Bacon is another example of a food which takes a lot of elapsed time (over a week) but very little work time. It is also essentially a very straightforward product, which in the past was something which a lot of ordinary farmers made as part of the annual rhythm of life. This particular posting is about making bacon in a very simple way using a pork belly, which is the part of the pig normally used for bacon in the US. In other parts of the world bacon is also made from other parts of the pig, and I have successfully made bacon from a Boston butt roast which I cut into 3 rectangular pieces. (At a later date I may have another posting on making bacon from these other parts.)
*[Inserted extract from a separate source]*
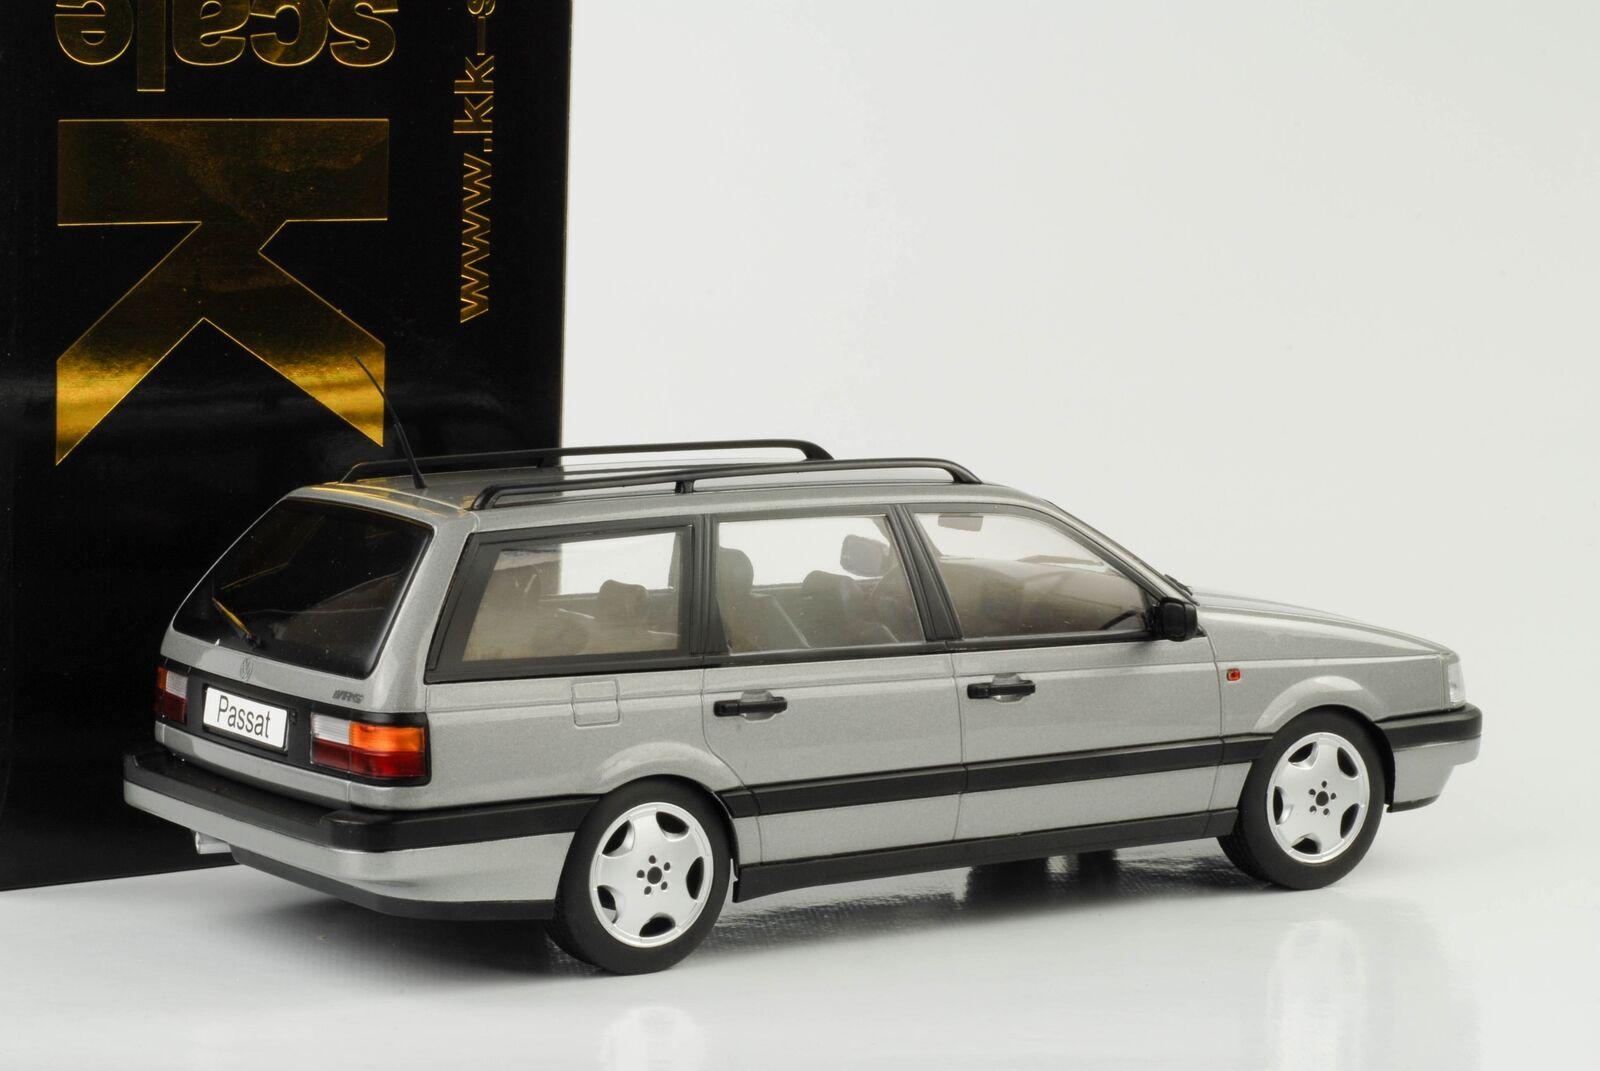 1988 Volkswagen VW Passat B3 Vr6 Variant grigio Metálico 1 18 Kk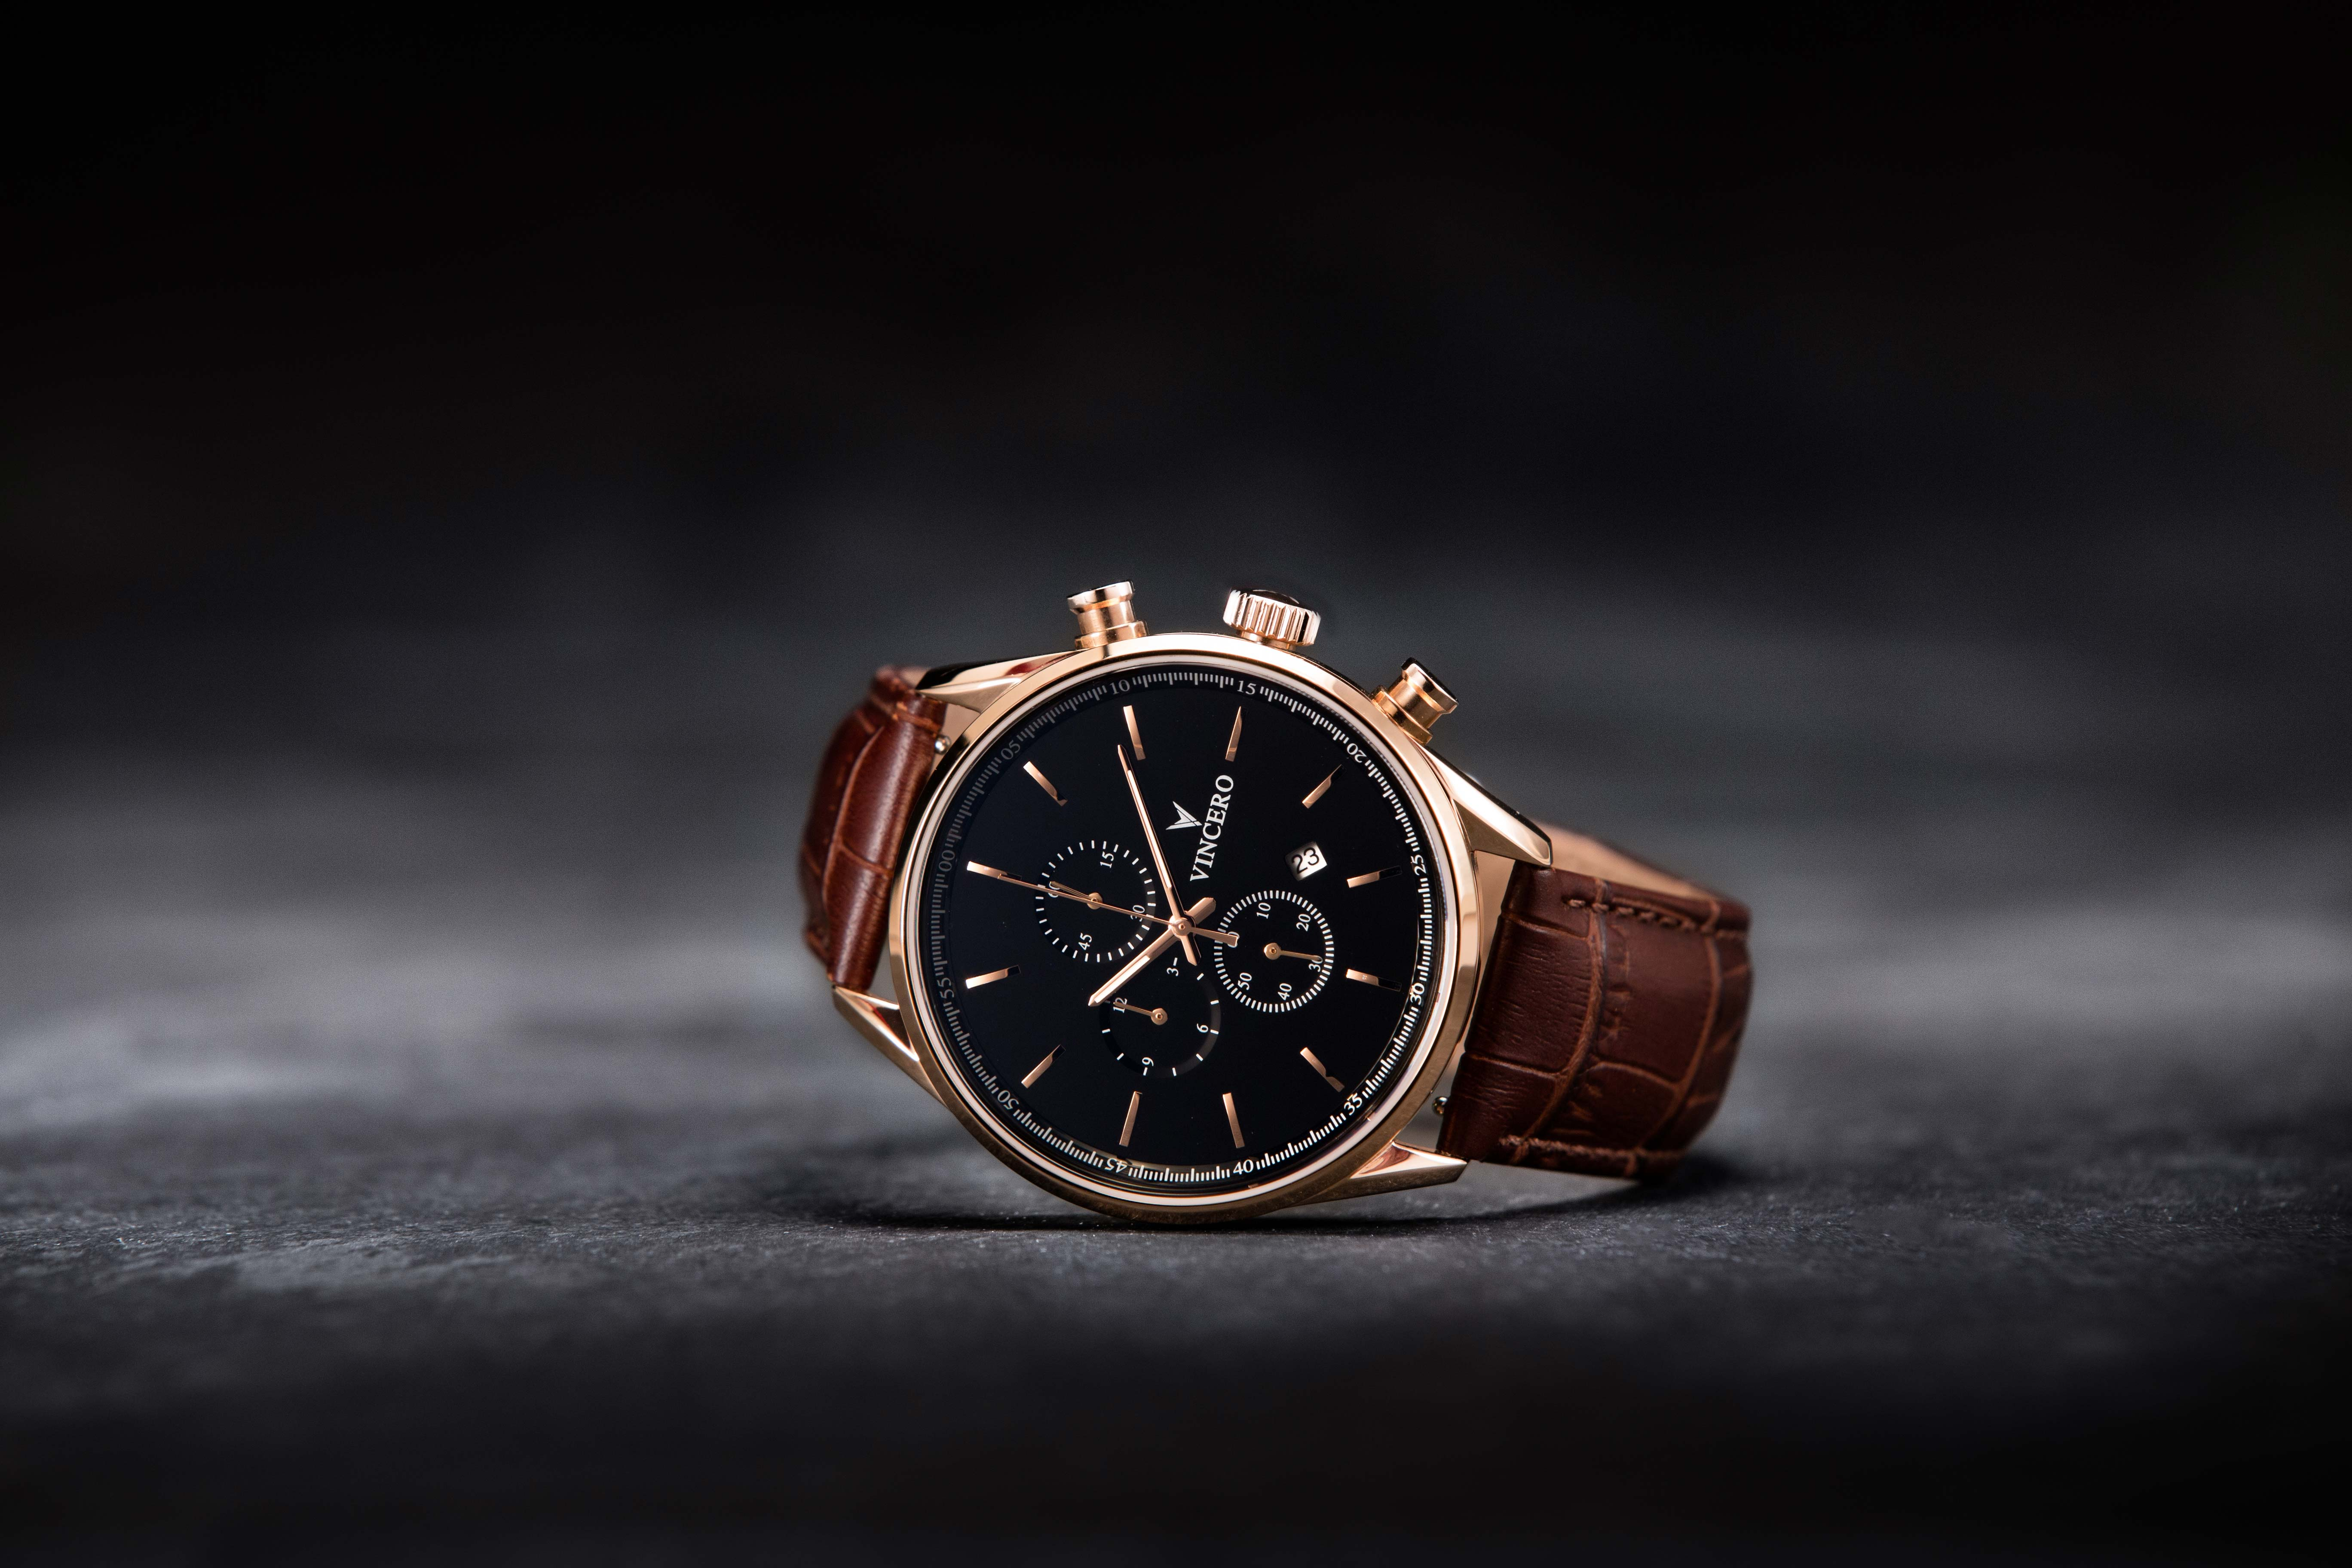 vincero men's watches

I made this using a very simple cure, which is for each pound of pork a mixture of 1 Tbs. of Morton Tender Cure curing salt and 1 tsp. of brown sugar.
The starting point was a 6 lb. pork belly from a heritage Irish pig which was part of a side of pork which I got as a Fathers’ Day present. I was pleased to see that they had trimmed away the skin, which saved me from a rather difficult task. (The skin needs to come off to allow the smoke and cure to penetrate better and since no one really wants to eat bacon which is hard on one edge.)
The first step was to cut the pork belly into two equal parts so that they will fit later into gallon-sized ziplock baggies.
Then each half pork belly is rubbed on both sides with one half of the cure, and each half is put into a ziplock baggie with the air squeezed out. The baggies are then laid flat in a lasagna pan (in case of drips) and placed in the refrigerator. At least once a day (and preferably twice a day), the two bags should be flipped. You should see a small amount of salty liquid building up in the baggies. This liquid helps with the curing process, so you want to leave it in the baggies.
After 7 days, the bellies should be cured, which can be tested by feeling that they now feel much firmer than they did before the cure.
The pork bellies should now be rinsed off, thoroughly dried with paper towels and then put on a rack in front of a fan for about 20 minutes. The objective is to have the surface of the bellies dry and tacky feeling so that the soot from the smoke will not collect on the bellies. While the pork bellies are drying, preheat the MasterBuilt electric box smoker to 180 degrees.
Put the bellies in the smoker separating them as much as possible so that the smoke will be able to flow well around them. Smoke for three hours. Remove from the smoker and let cool to room temperature. Then chill overnight in the refrigerator to help firm up the bacon, which will make the slicing easier. The next day, cutting across the grain, slice the new bacon into strips about 2 mm. thick. To make the bacon really last forever, I vacuum seal the bacon into one pound packages and store in the freezer any bacon beyond my immediate needs.
Note – If you do not have anything as controlled to work with as an electric box smoker with a thermostat (like the MasterBuilt smoker), you want to approximate the same thing with whatever you do have. On a typical barbeque grill, this will mean using indirect heat which is kept very low, although it does need to be hot enough that the wood chips you are using smolder properly. A remote temperature probe will be useful to ensure that the bacon does not get overcooked. An internal temperature of 160 degrees will be ample so that the meat is stable without being overdone.